### Aim of the task
Verbatim copy, images omitted: return the full listing.

### Recorded data
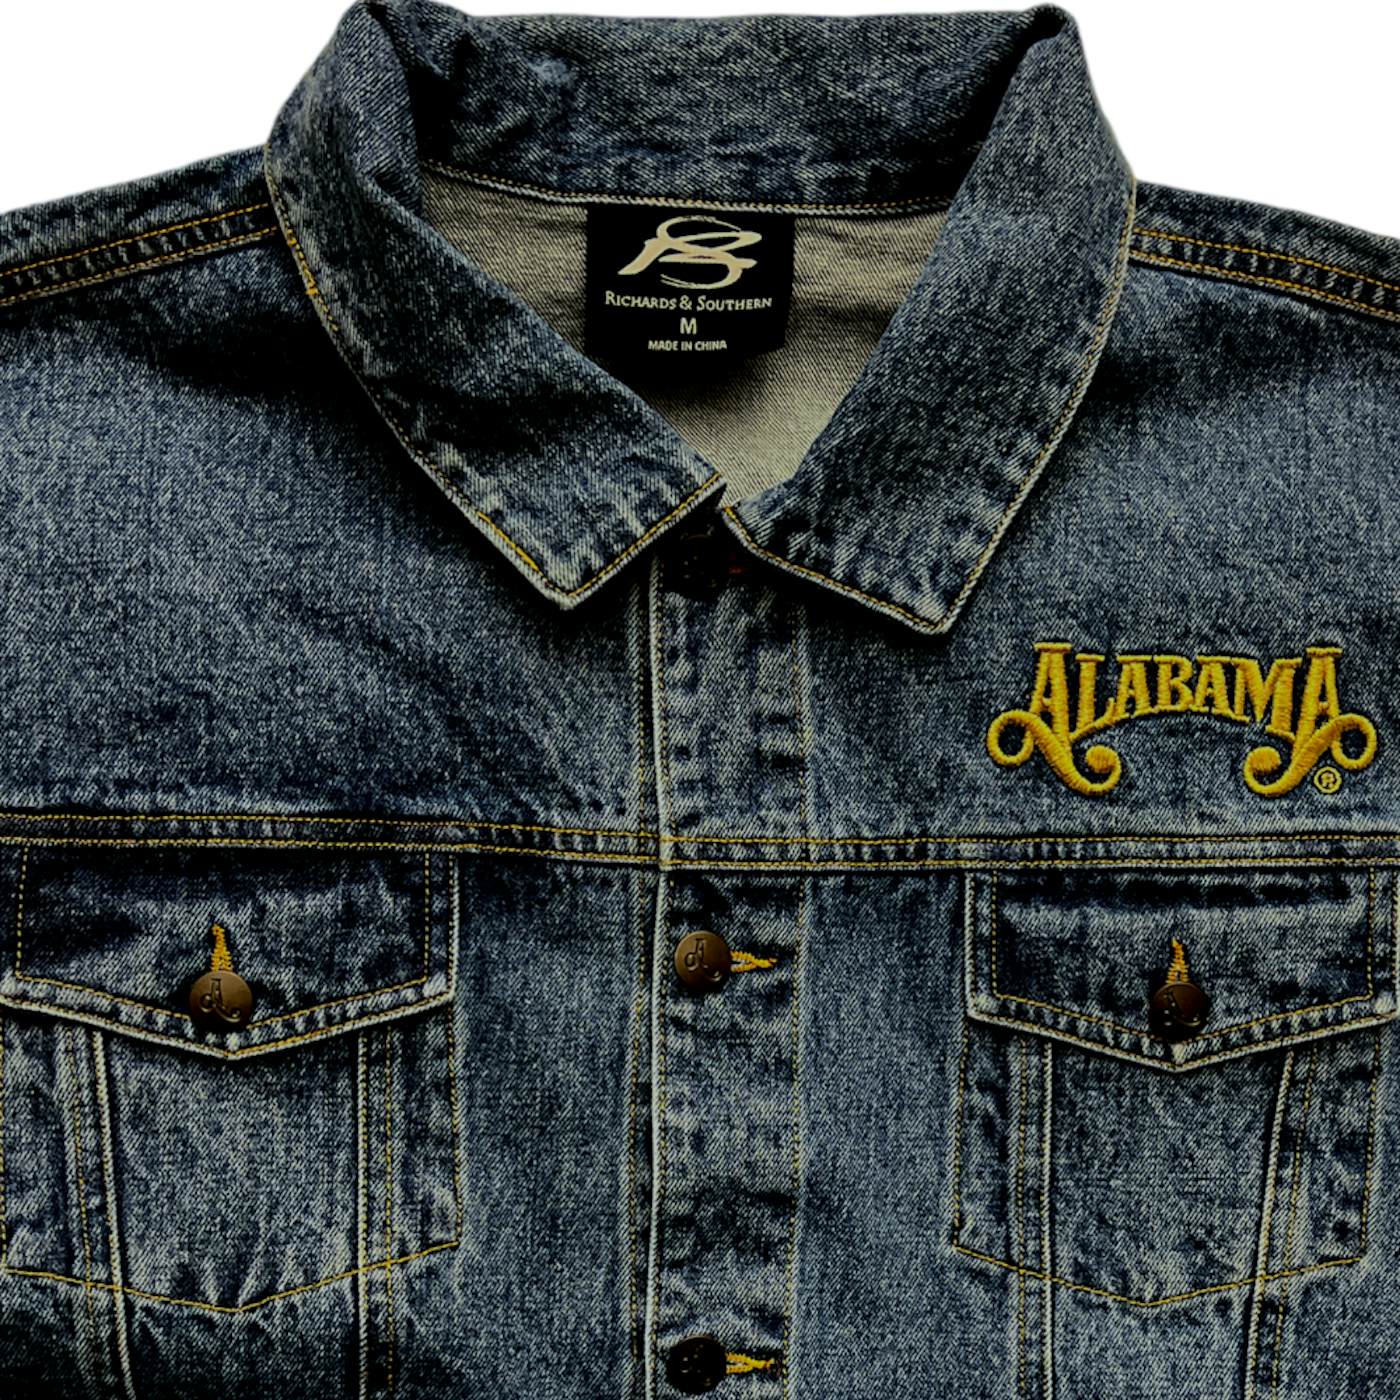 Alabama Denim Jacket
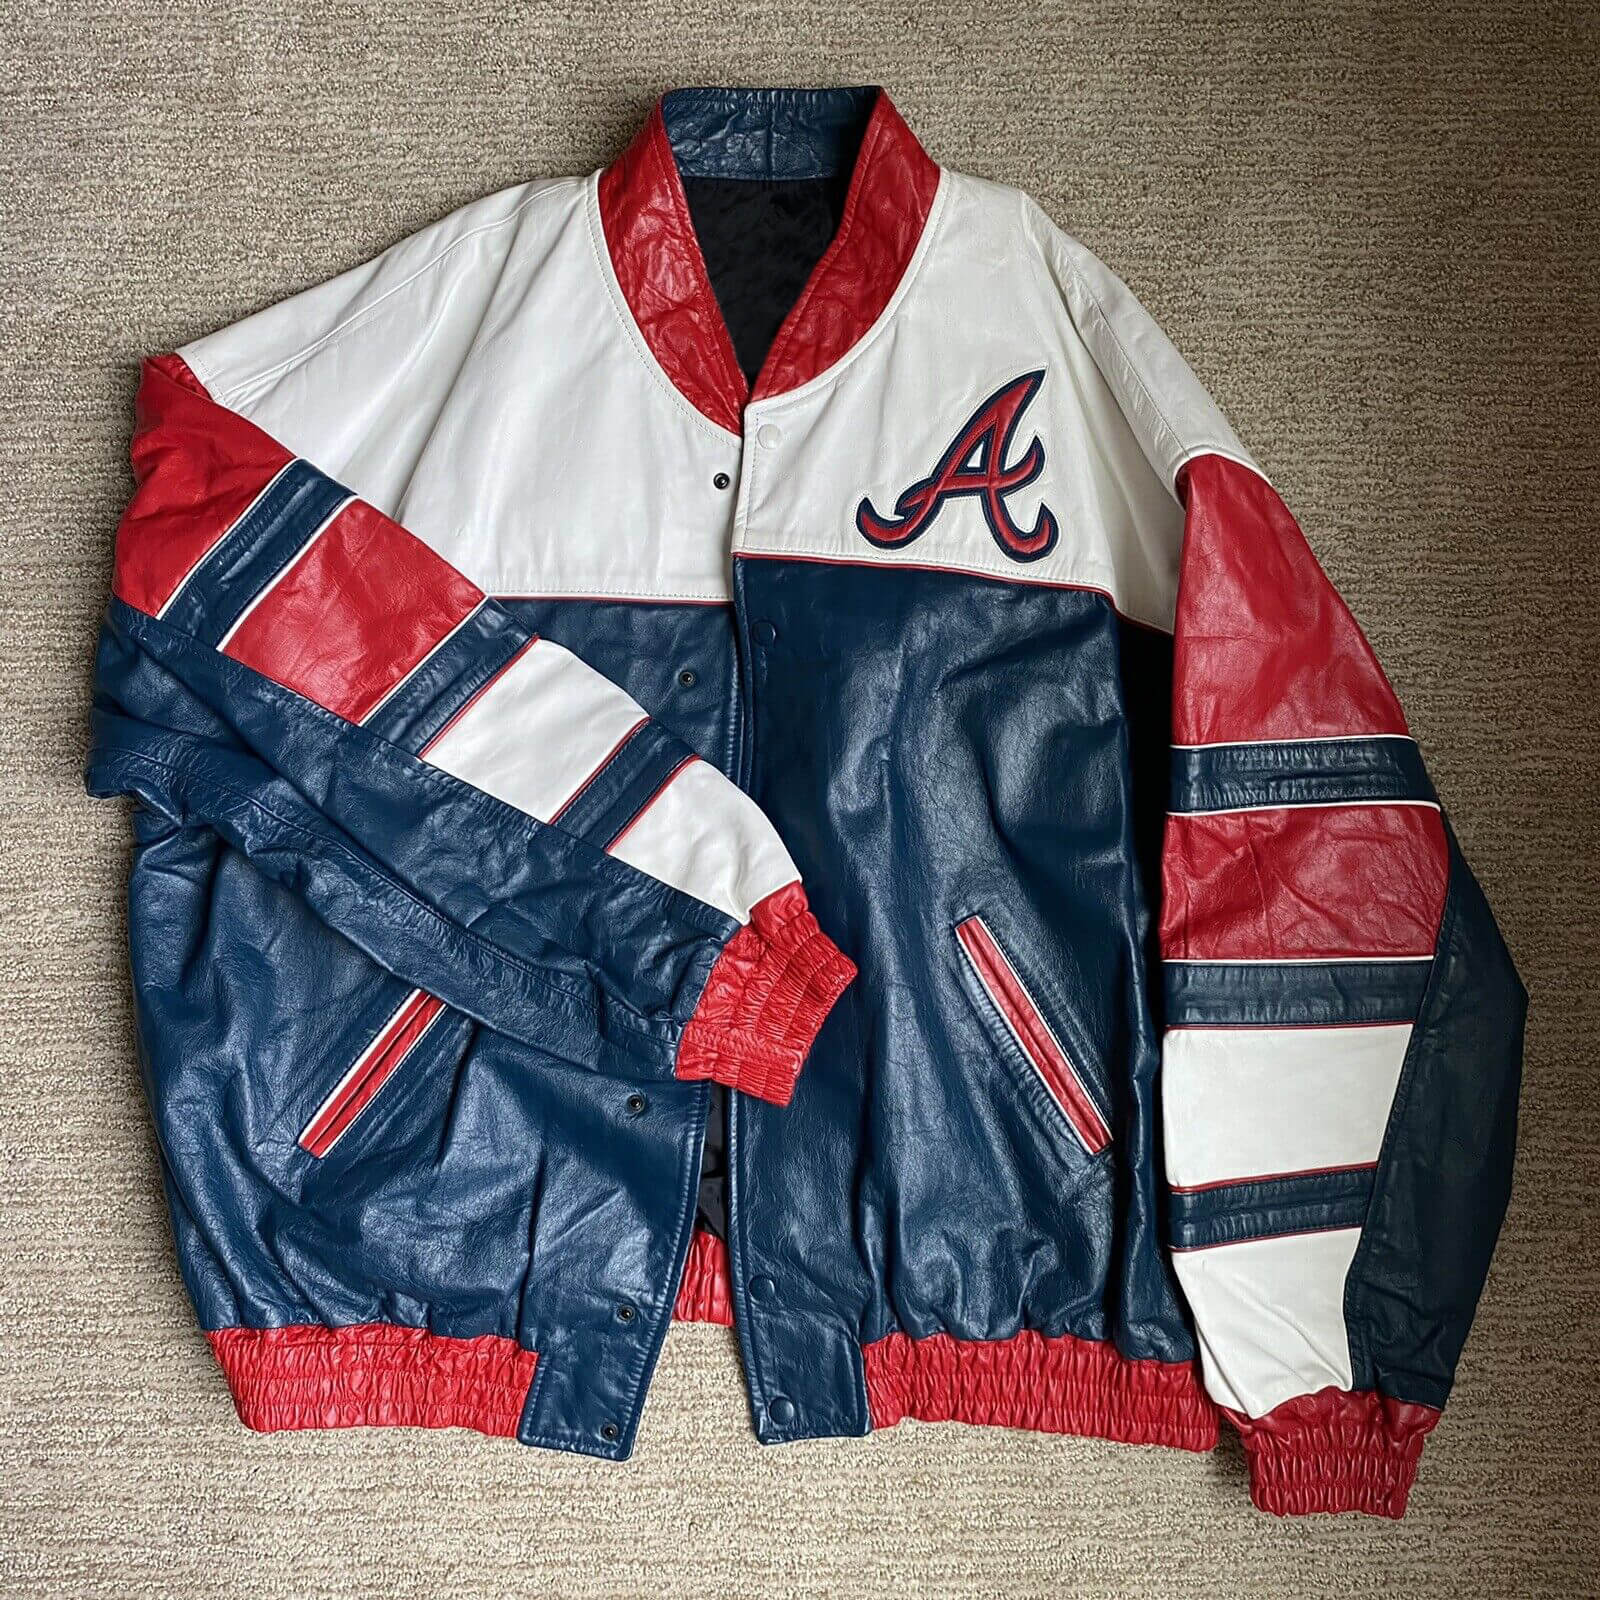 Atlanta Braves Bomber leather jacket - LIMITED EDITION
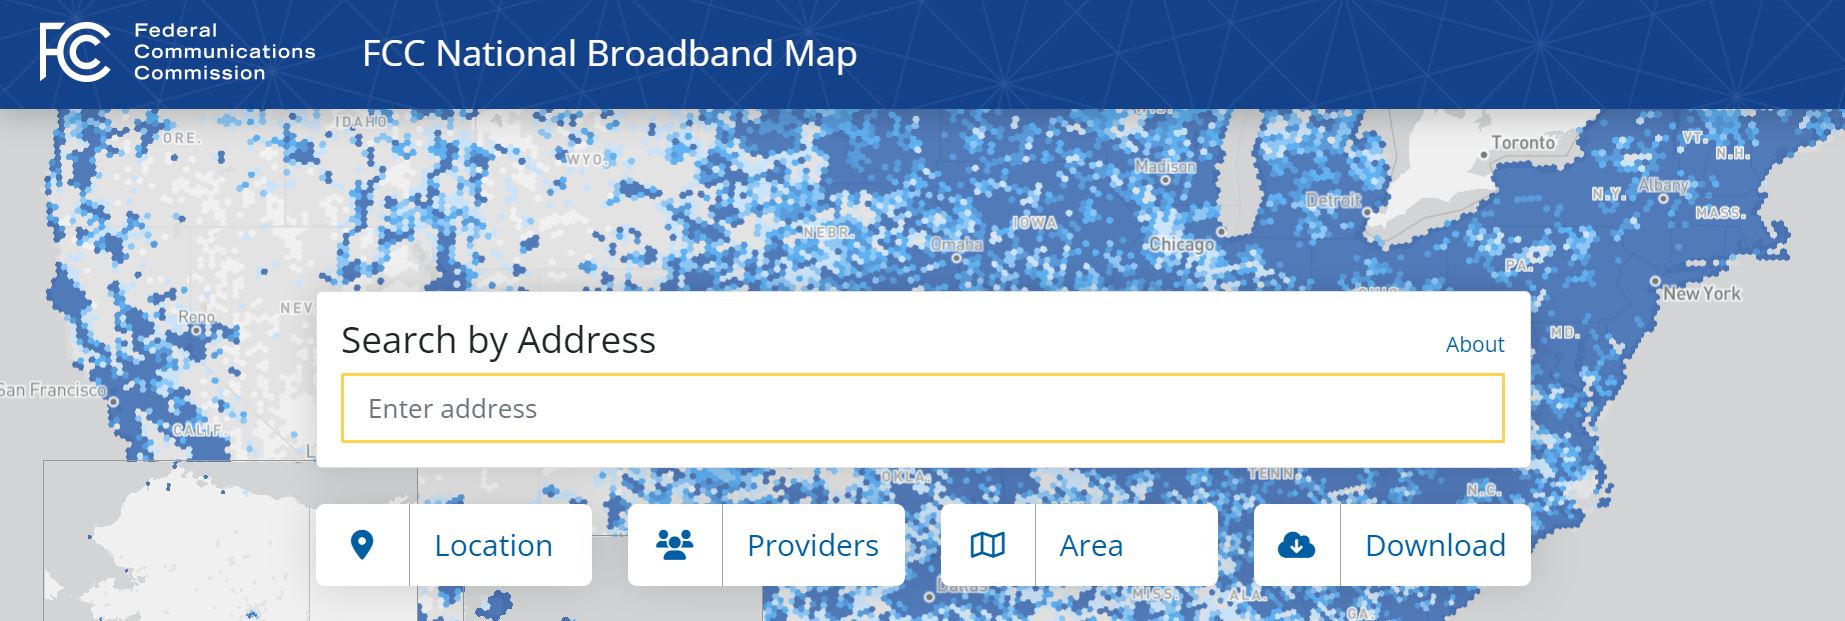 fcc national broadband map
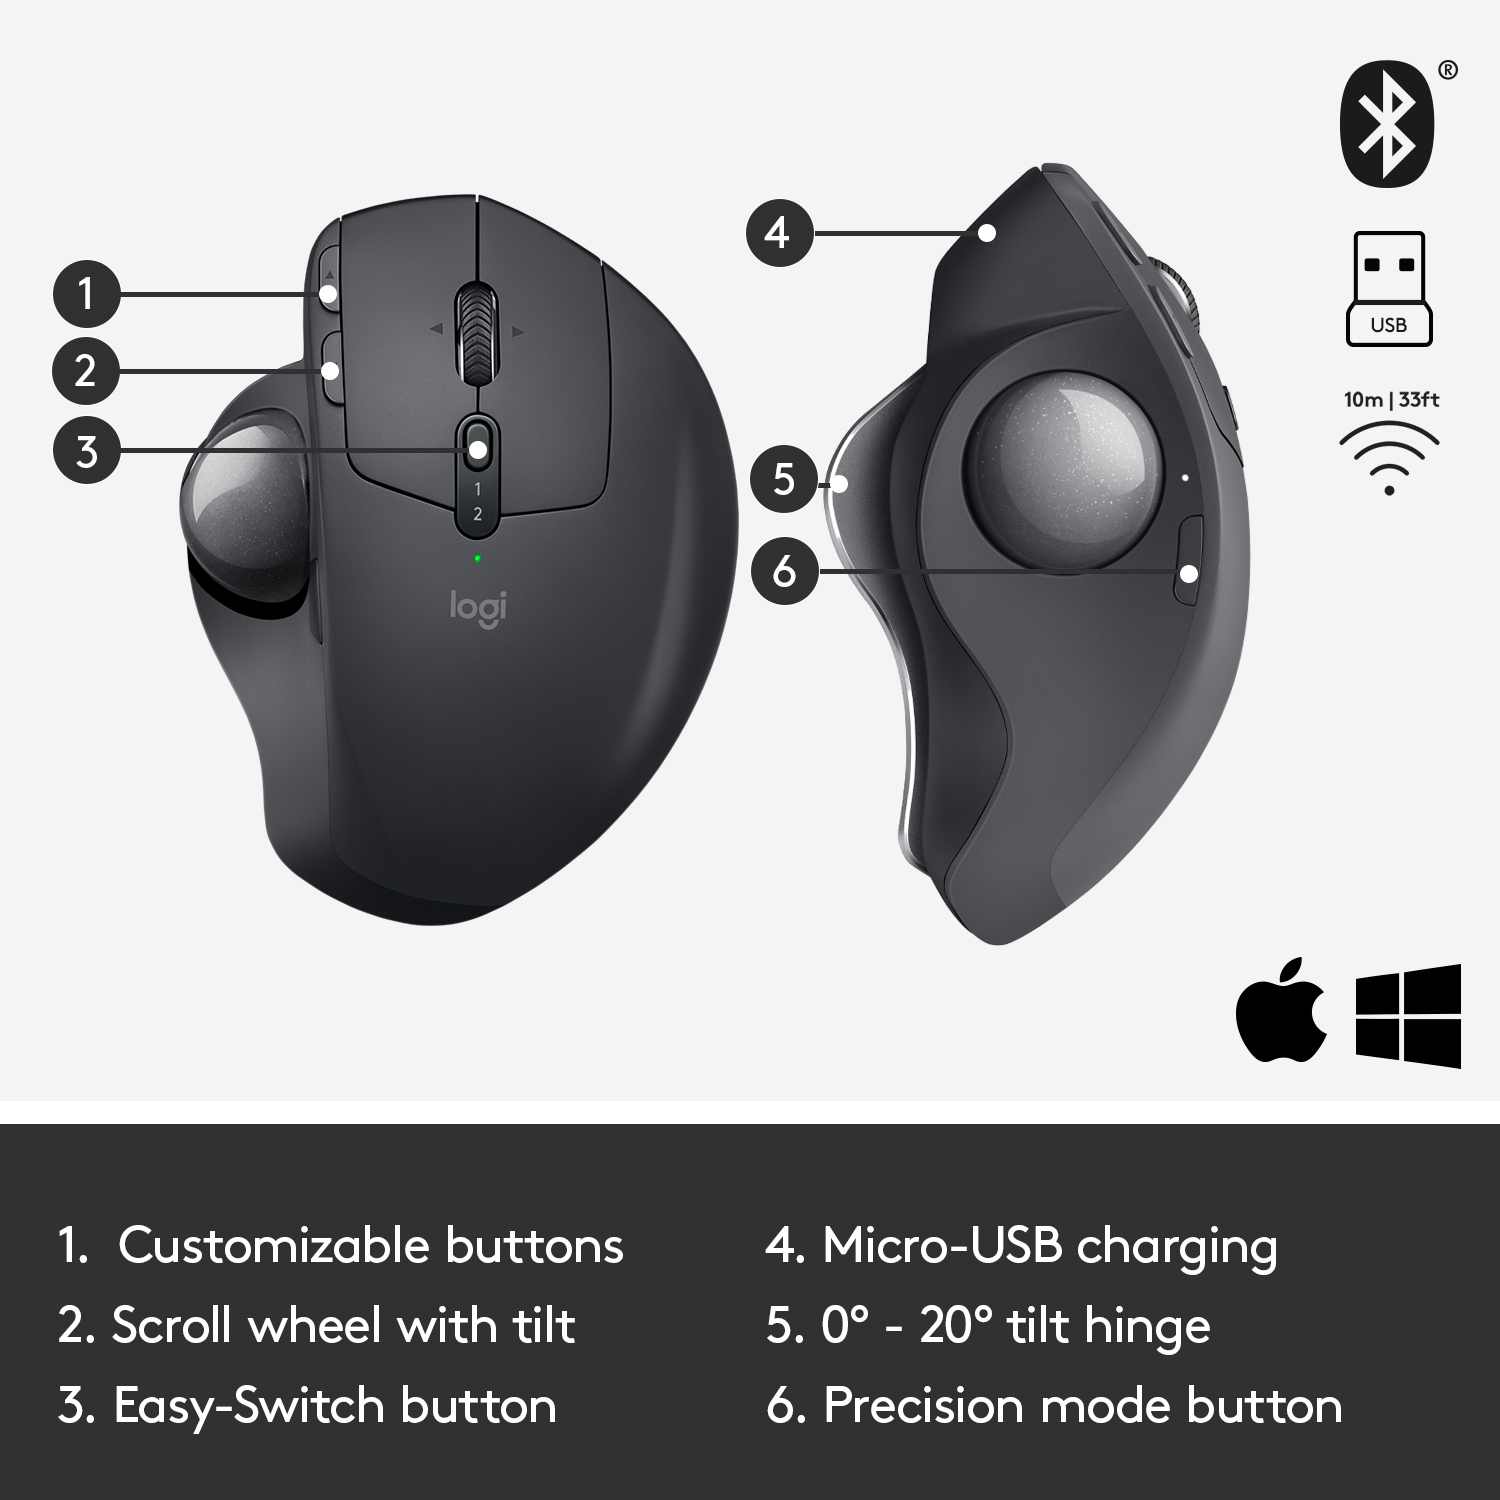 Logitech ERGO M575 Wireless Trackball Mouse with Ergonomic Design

### Output of the exercise
 Alabama Denim Jacket
 Atlanta Braves Bomber leather jacket - LIMITED EDITION
 fcc national broadband map
 Logitech ERGO M575 Wireless Trackball Mouse with Ergonomic Design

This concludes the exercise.